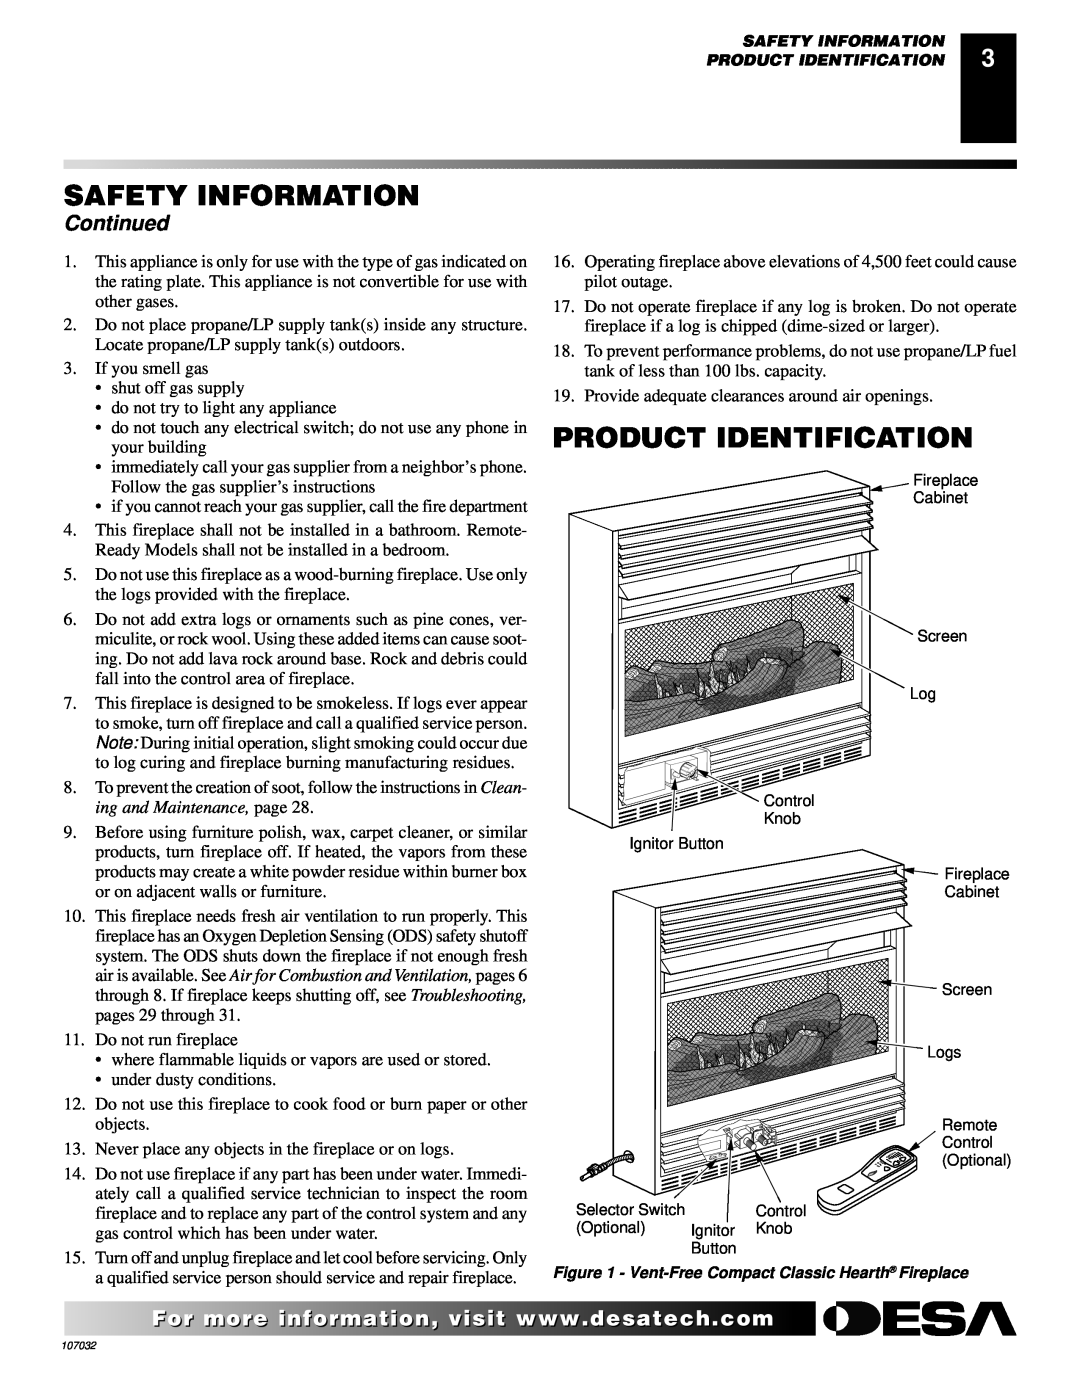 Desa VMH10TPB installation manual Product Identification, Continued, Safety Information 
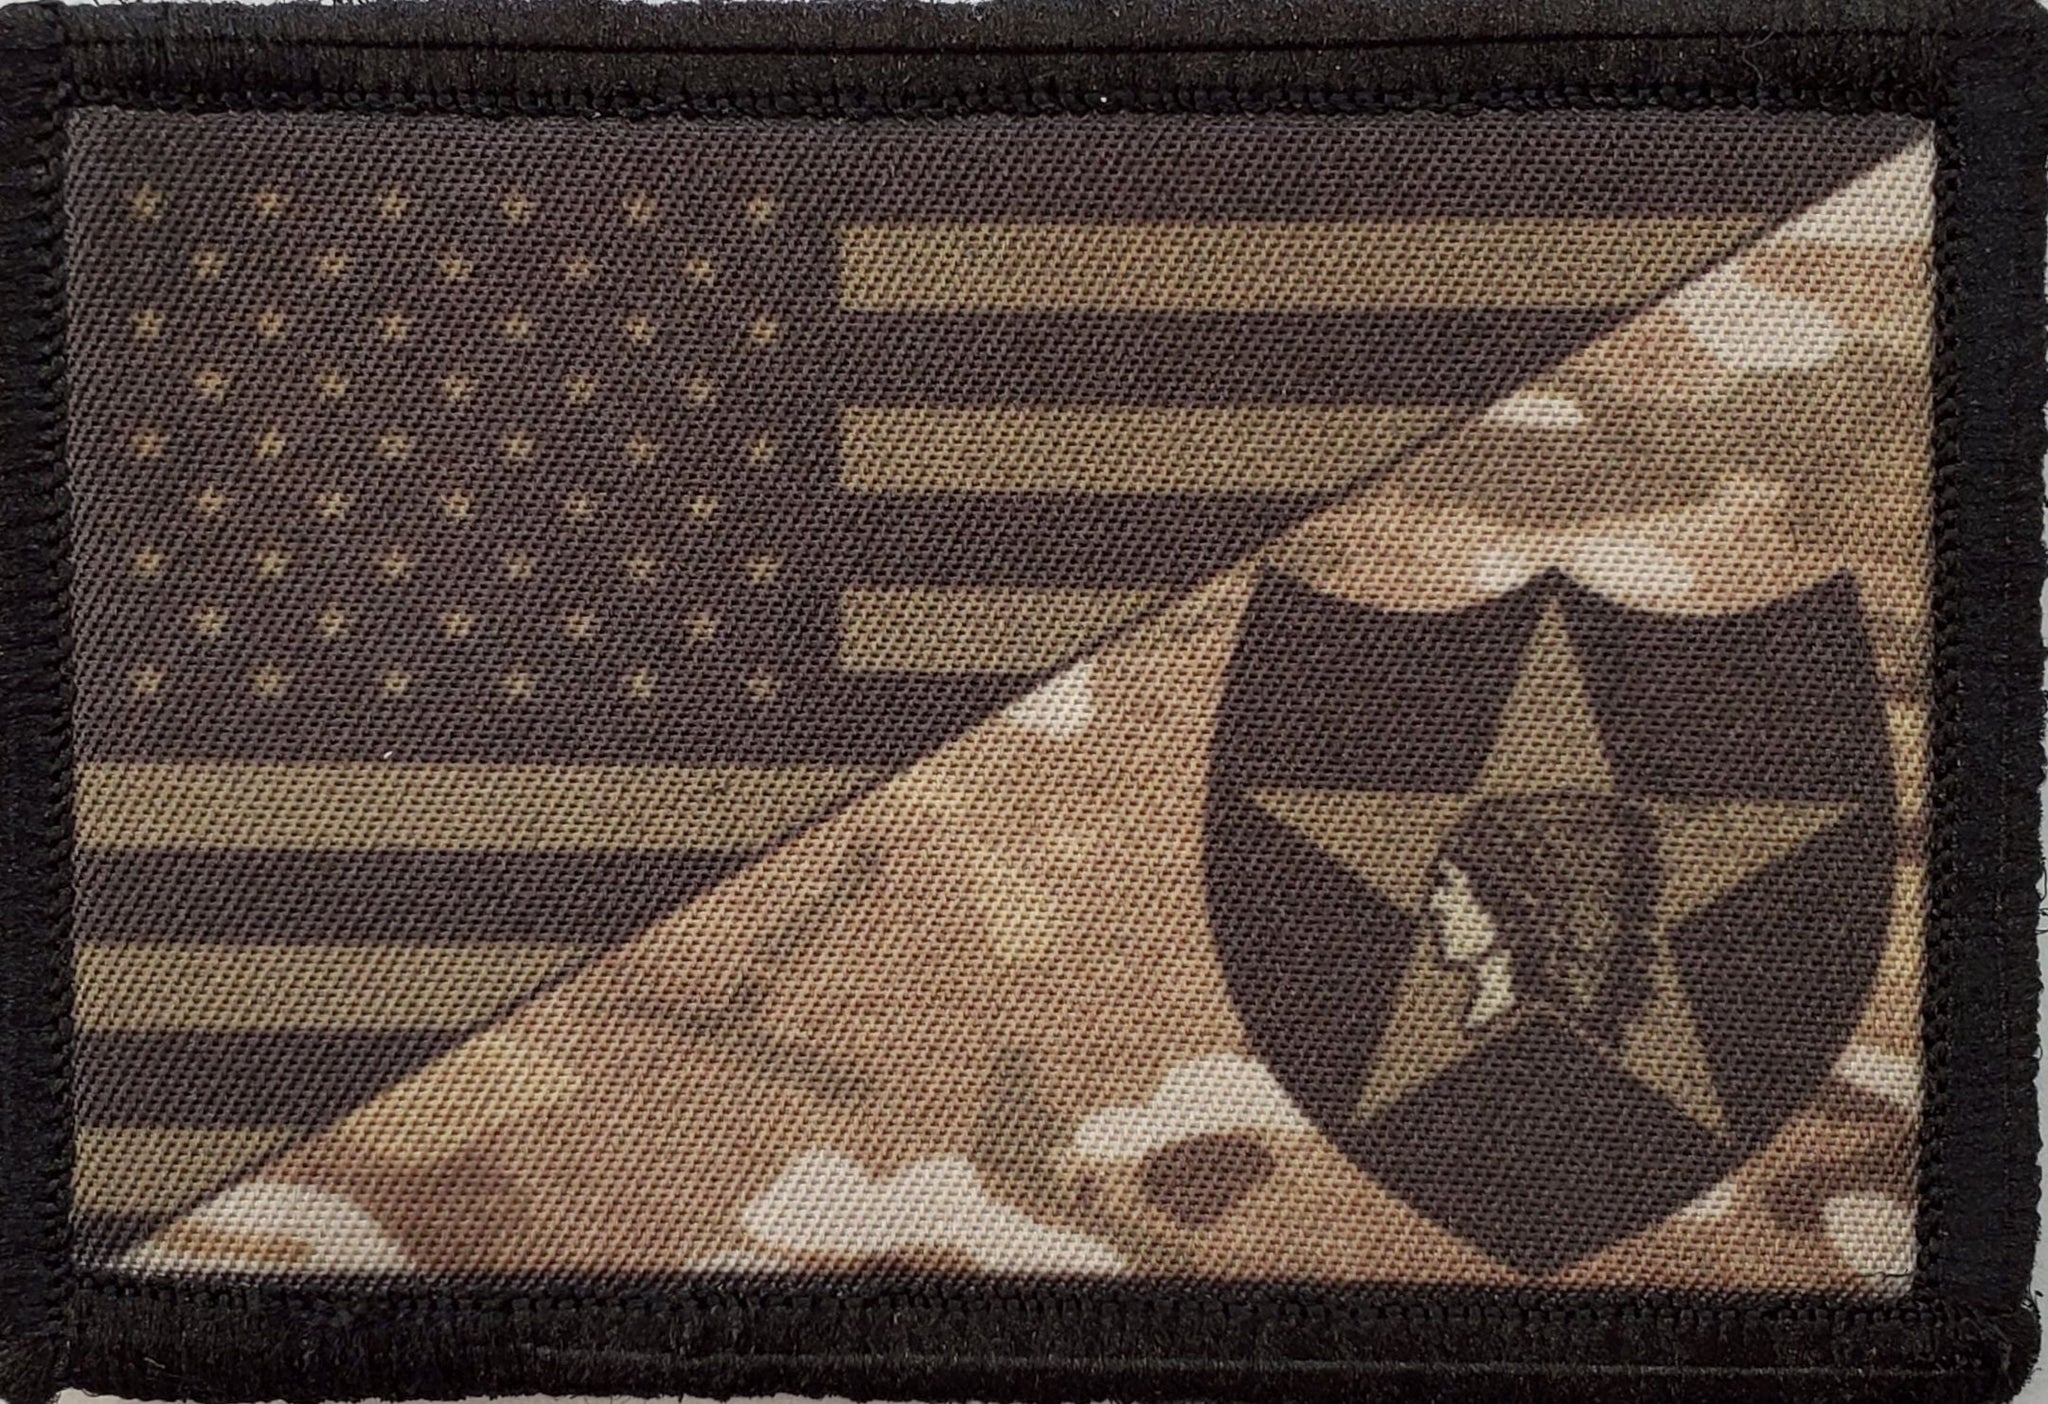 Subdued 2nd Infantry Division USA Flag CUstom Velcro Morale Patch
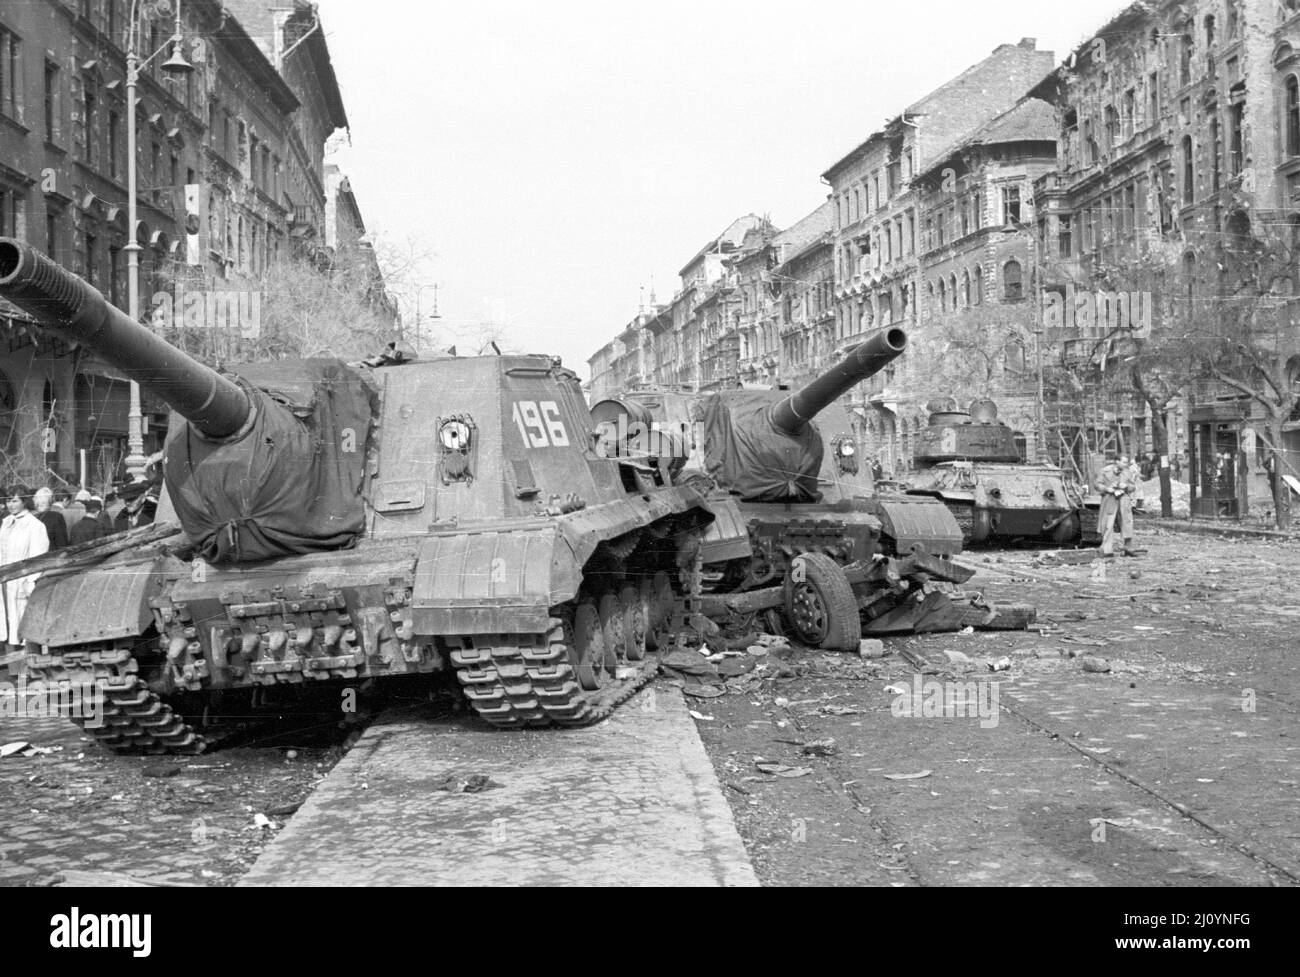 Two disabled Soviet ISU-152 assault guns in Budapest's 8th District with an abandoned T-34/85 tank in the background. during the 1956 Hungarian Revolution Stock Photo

What you should do: Please print the data above in its entirety, exactly, but without any picture.

Response to this task:
 Desa VMH10TPB installation manual Product Identification, Continued, Safety Information 
 Subdued 2nd Infantry Division USA Flag CUstom Velcro Morale Patch
 Two disabled Soviet ISU-152 assault guns in Budapest's 8th District with an abandoned T-34/85 tank in the background. during the 1956 Hungarian Revolution Stock Photo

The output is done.